[![PyPI version](https://badge.fury.io/py/nleval.svg)](https://badge.fury.io/py/nleval)
[![Documentation Status](https://readthedocs.org/projects/networklearningeval/badge/?version=latest)](https://networklearningeval.readthedocs.io/en/latest/?badge=latest)
[![License: MIT](https://img.shields.io/badge/License-MIT-yellow.svg)](https://opensource.org/licenses/MIT)
[![Code style: black](https://img.shields.io/badge/code%20style-black-000000.svg)](https://github.com/psf/black)

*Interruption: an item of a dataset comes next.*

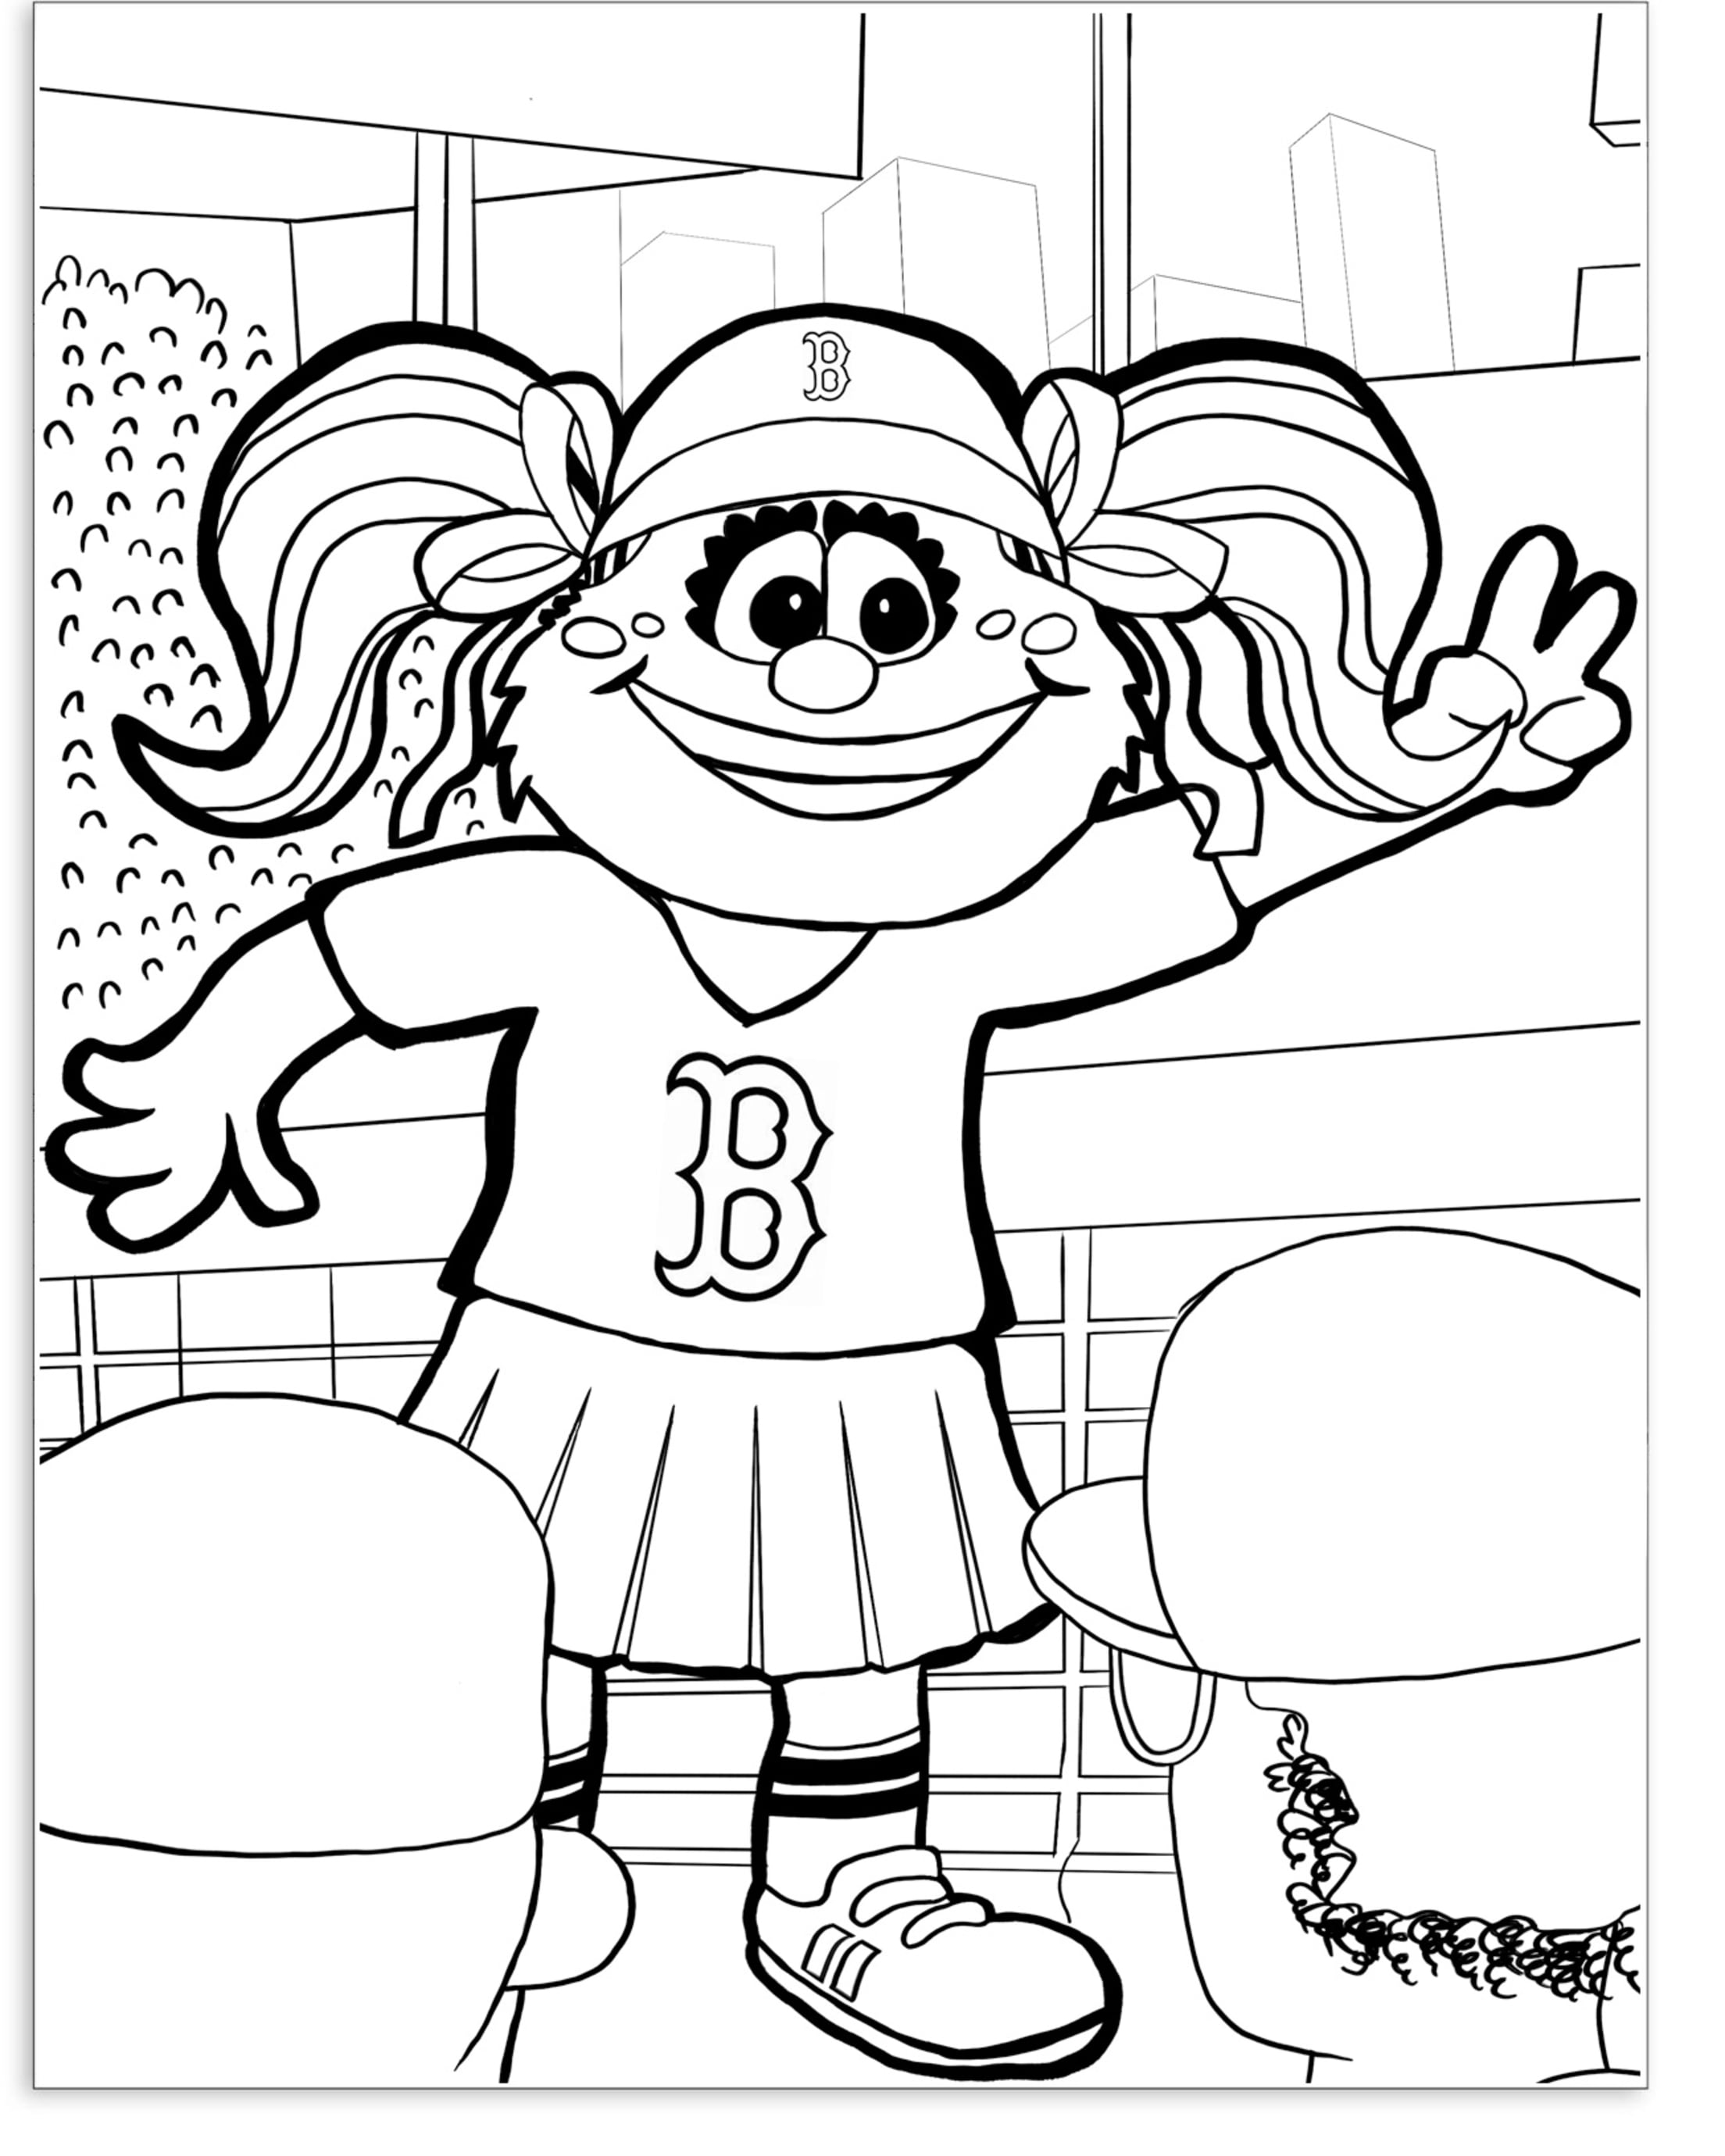 boston red sox mascot coloring pages
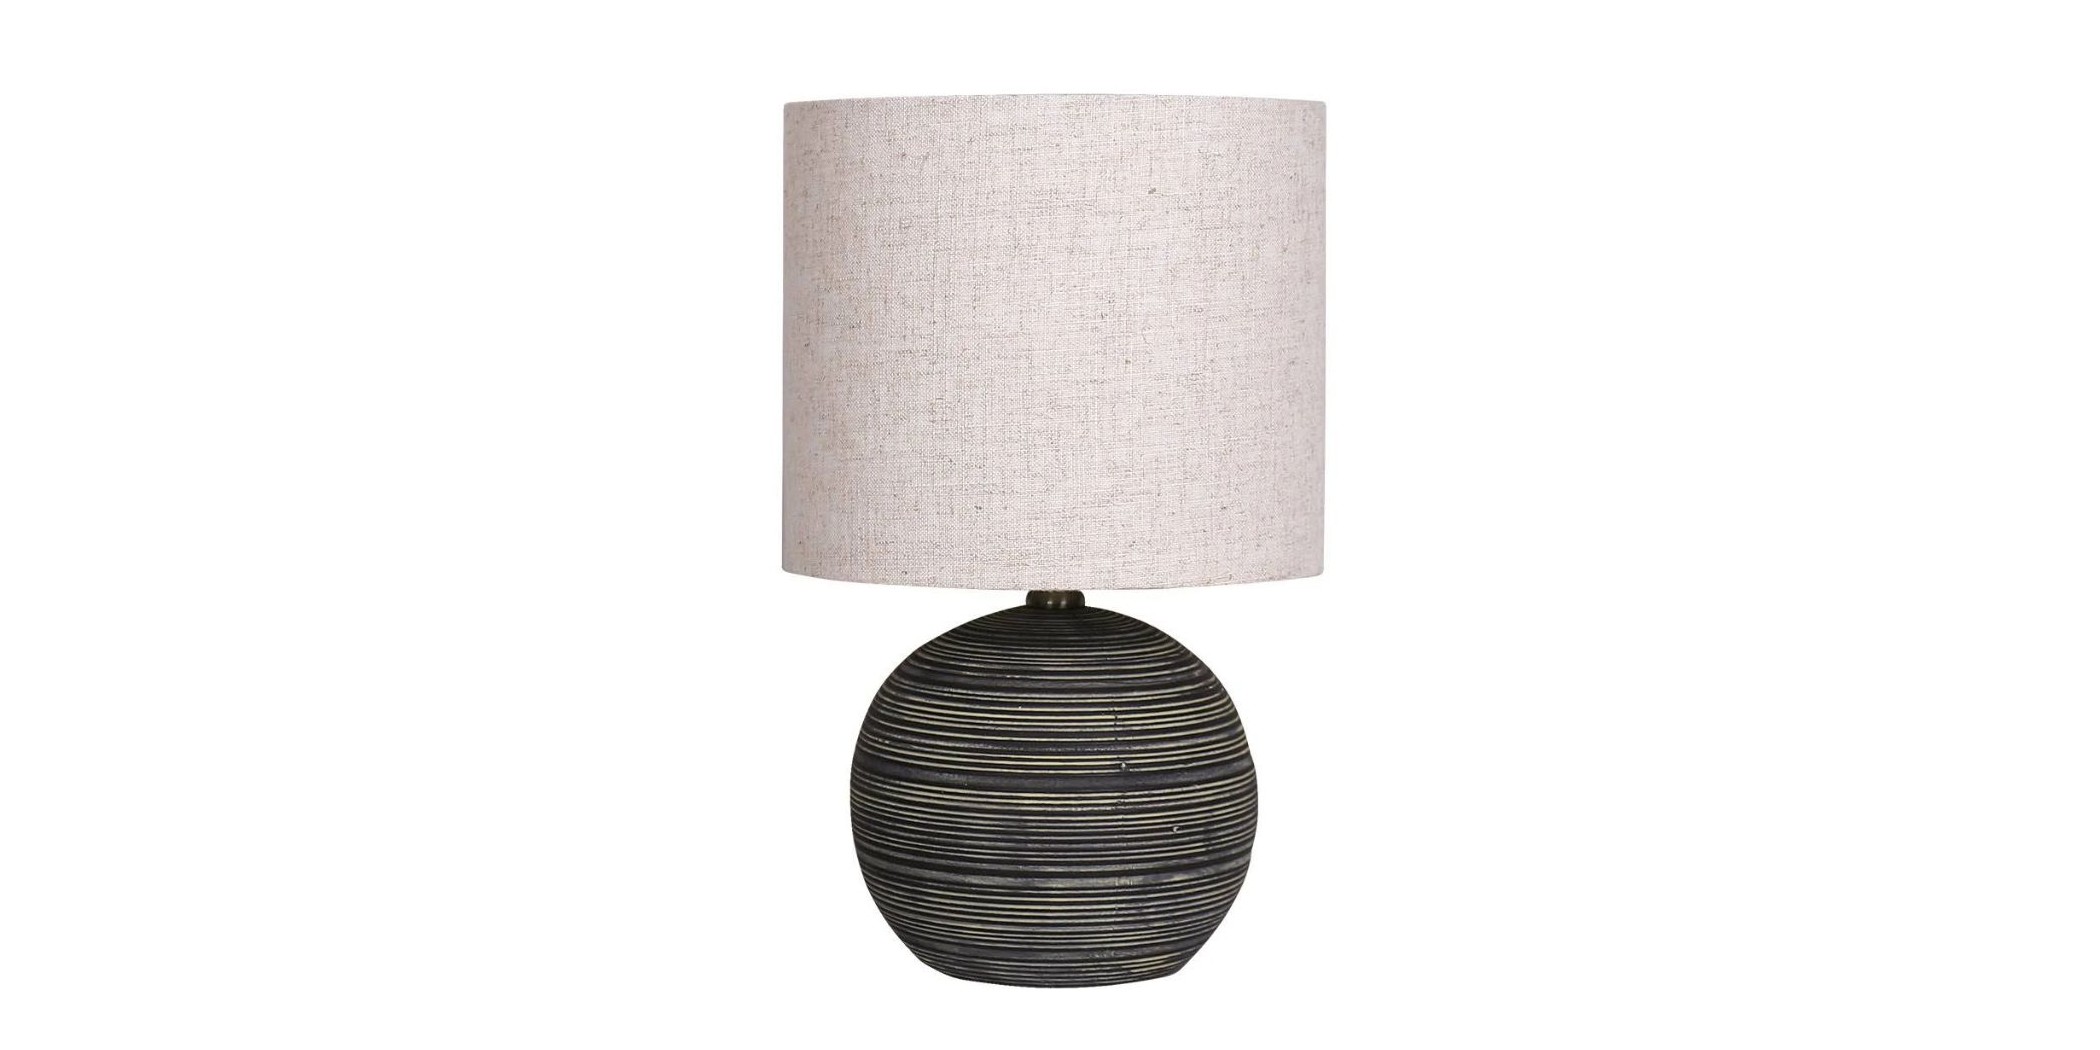 Ceramic Table Lamp With Strips Pattern

[![Imports: isort](https://img.shields.io/badge/%20imports-isort-%231674b1?style=flat&labelColor=ef8336)](https://pycqa.github.io/isort/)
[![Test Examples](https://github.com/krishnanlab/NetworkLearningEval/actions/workflows/examples.yml/badge.svg)](https://github.com/krishnanlab/NetworkLearningEval/actions/workflows/examples.yml)
[![Test Data](https://github.com/krishnanlab/NetworkLearningEval/actions/workflows/test_data.yml/badge.svg)](https://github.com/krishnanlab/NetworkLearningEval/actions/workflows/test_data.yml)
# NetworkLearningEval
## Installation
Clone the repository first and then install via `pip`
git clone https://github.com/krishnanlab/NetworkLearningEval && cd NetworkLearningEval
pip install -e .
The `-e` option means 'editable', i.e. no need to reinstall the library if you make changes to the source code.
Feel free to not use the `-e` option and simply do `pip install .` if you do not plan on modifying the source code.
### Optional Pytorch Geometric installation
User need to install [Pytorch Geomtric](https://github.com/pyg-team/pytorch_geometric) to enable some GNN related features.
To install PyG, first need to install [PyTorch](https://pytorch.org).
For full details about installation instructions, visit the links above.
Assuming the system has Python3.8 or above installed, with CUDA10.2, use the following to install both PyTorch and PyG.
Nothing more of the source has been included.